Innovation and New Thinking

I have recently been exploring new databases on the hunt for new and innovative ideas that creative agencies and brands have developed. These include D&AD, Cannelisons and Adweek just to name a few. Below are four campaigns and events that brands have produced that I really feel are successful at engaging the target audience and having an impact in some way.

SickKids VS – Undeniable

The campaign is centred on patients, families, doctors, nurses and other hospital staff who all prepare themselves for battle—as medieval soldiers, pro wrestlers taking baseball bats to dialysis machines, and comic book superheroes. It shows the power of imagination as a vehicle for hope and has a completely new tone to similar charity creations.

The agency behind this campaign is Cossette and the client was SickKids Foundation. Donations to The Hospital for Sick Children were plateauing and in need of funds. What I really liked about this advert was that, unlike other charities seeking donations, they focused on the fierce fighting spirit of their patients and the unrelenting drive of the doctors and nurses. This, to me, had a much larger impact than the usual sad, tear-inducing approach that in some ways treats sickness as a weakness. The campaign shows the strength and toughness, rather than tears which is why I feel it was so successful and won many awards. The whole thing reminded me that we all have inner strength and determination that we can draw on to conquer our greatest challenges.

BrainBAND, Samsung Australia

BrainBAND has already won several awards such as the B&AD Innovative Use of Berta Technology 2017 award. This is Samsung’s attempt to make contact sports around the world safer by shining a light on the dangers of concussion. The BrainBAND is a specially designed headband, a piece of wearable technology, that houses built in sensors at the back of the head to measure the g-force of an impact and rely the data to medics, coaches and referees, in real-time.

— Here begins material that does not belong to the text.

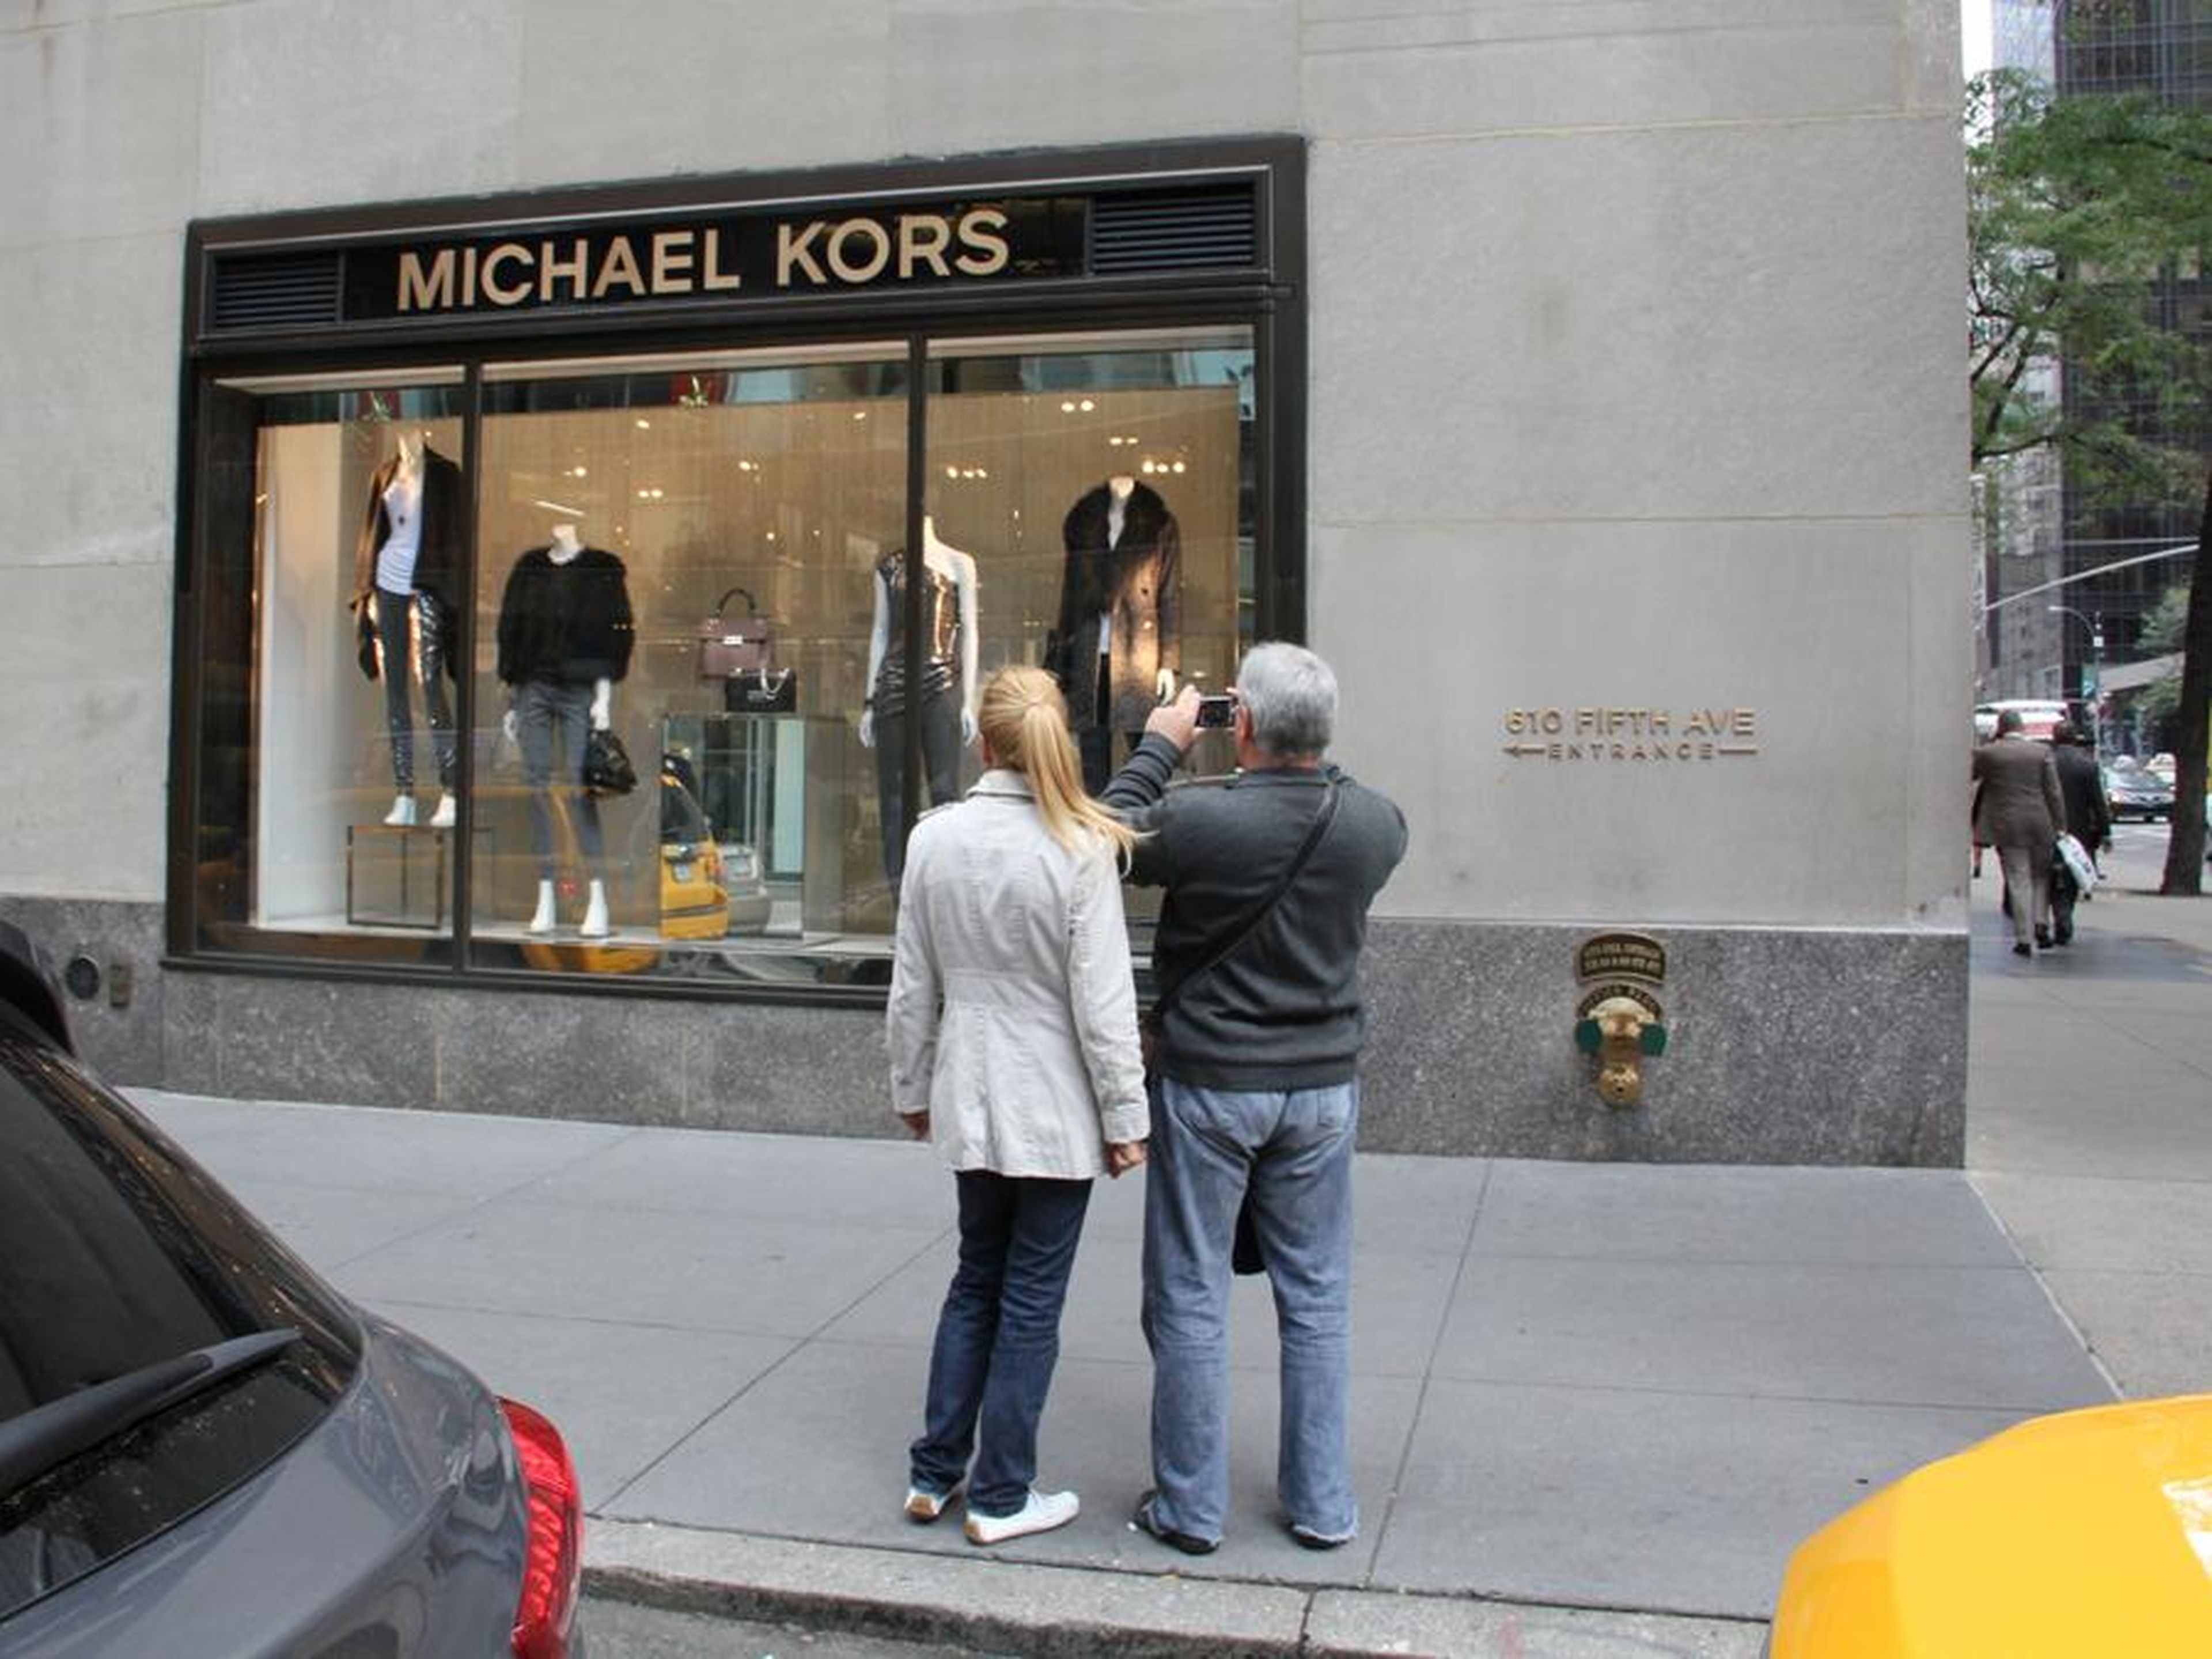 Fotos: Historia de cómo Michael Kors se convirtió en empresa de éxito |  Business Insider España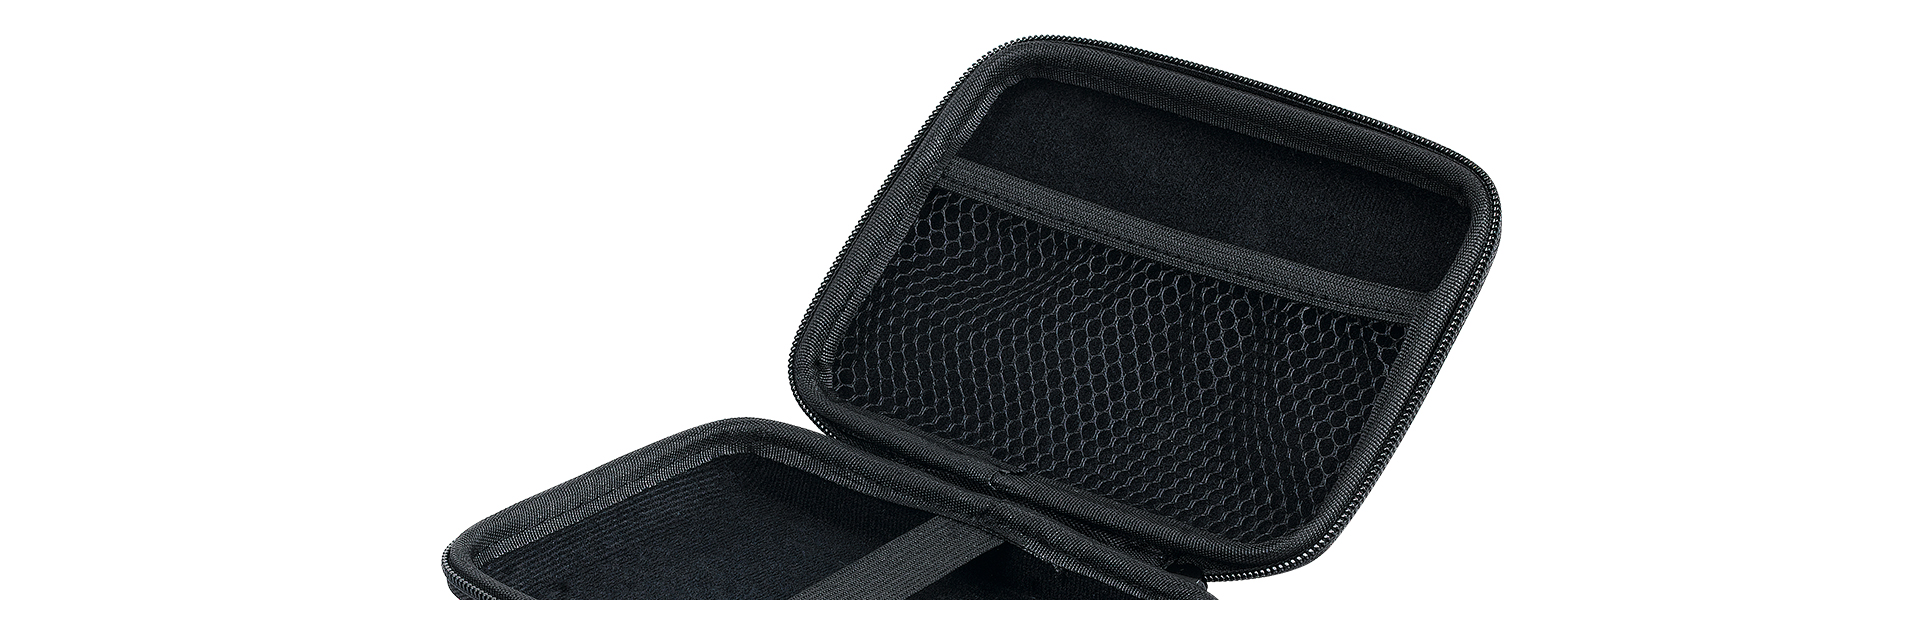 ORICO - portable storage bag - Shockproof - compact design - EVA material - ORICO PHB-25 - Amman Jordan - Pccircle

It features warning lights which when red shows, a player should be taken off immediately. I feel that this is effective because it spreads awareness of the dangers of high impact activities and demonstrates that caution should always be taken, no matter how skilled the individual is. I feel that this technology could really help to reduce potential long-term injuries from repeated impacts. All data is logged so that, over time, players have a complete picture of the forces their brain has been put under. This could be applied to other sectors, such as beauty by measuring the impact of a skin-care product on the skin and whether the product is suited to an individual.

Sleep No More

Sleep No More tells Shakespeare’s classic tragedy Macbeth through a darkly cinematic lens, offering an audience an experience unlike anything else on the New York scene. Audiences move freely through the story of Macbeth, creating their own journeys through a film noir world.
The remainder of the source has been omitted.